Use and misuse of geophysical data to determine the shape at depth of granitic intrusions

Abstract

Geological data are seldom reliable enough to quantify the shape of granitic bodies at depth. Remote sensing measurements and geophysical methods may allow hidden features inside plutons to be recognized. Seismic methods can be employed to display the interface between the granite and its sedimentary cover. Unfortunately, impedance contrasts are very low inside the intrusive body resulting in a transparency to seismic waves. In addition, the high cost of seismic lines with sufficient resolution excludes full 3D shaping. The use of magnetic methods is limited by the low content of magnetic minerals in acidic rocks and the observed magnetic field is often flat over plutons.
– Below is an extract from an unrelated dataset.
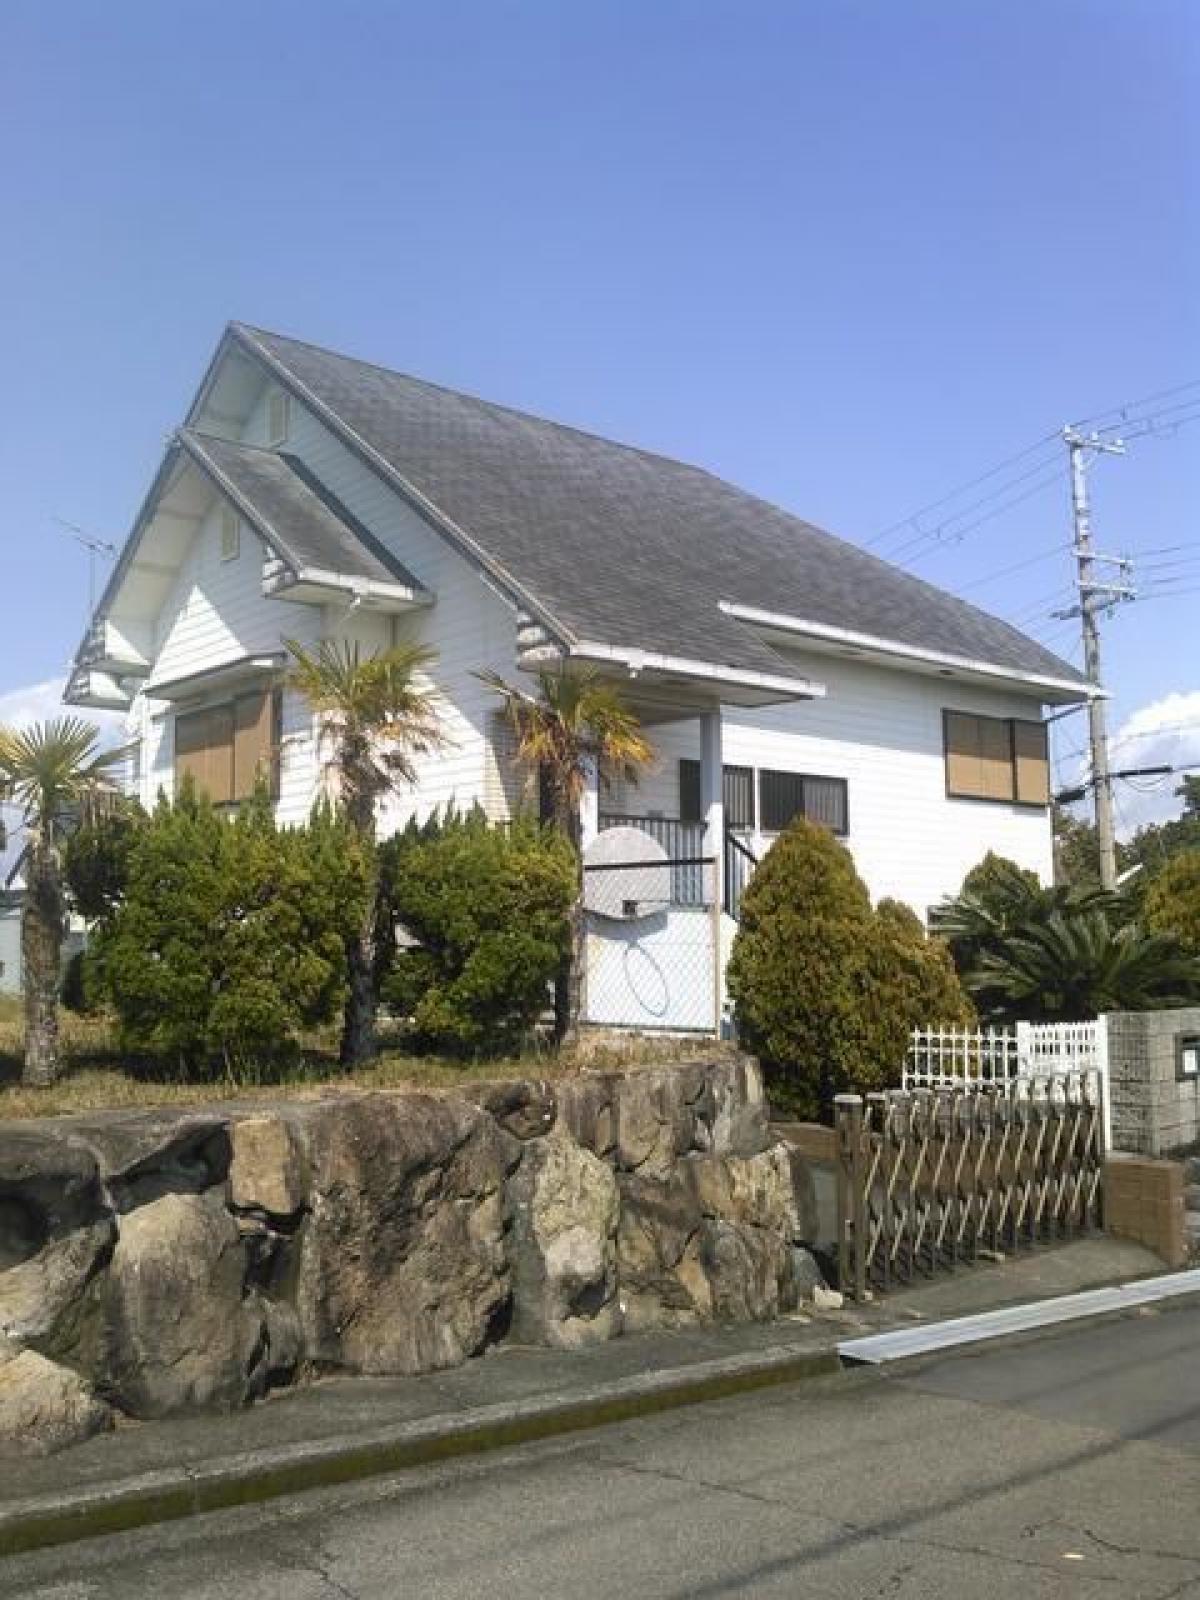 Picture of Home For Sale in Nishimuro Gun Shirahama Cho, Wakayama, Japan

Some high amplitude magnetic anomalies are restricted to the contact metamorphic aureoles surrounding granites. Acidic rocks generally have a lower density than the surrounding country rocks. A negative gravity signature is therefore associated with the intrusion. To assist with geological interpretation, a detailed gravity survey should be made over the pluton with a coverage density of about 1 measurement per km². This is necessary to register the effects of facies variations. Interpretation should be restricted to 3D methods rather than 2D modelling on profiles because granitic bodies are not uniform along any one direction. However, 3D inversion of data must take into account the regional gravity field and variations of density in and outside the pluton. With these assumptions, models are presented which can be correlated with the structures acquired during the magmatic stage of pluton emplacement. The zones where magmatic foliations are vertical correlate with deep zones identified from gravity data. They are interpreted as magma feeding zones. The information provided by these methods represents a valuable contribution to determining the mode of emplacement of granitic intrusions.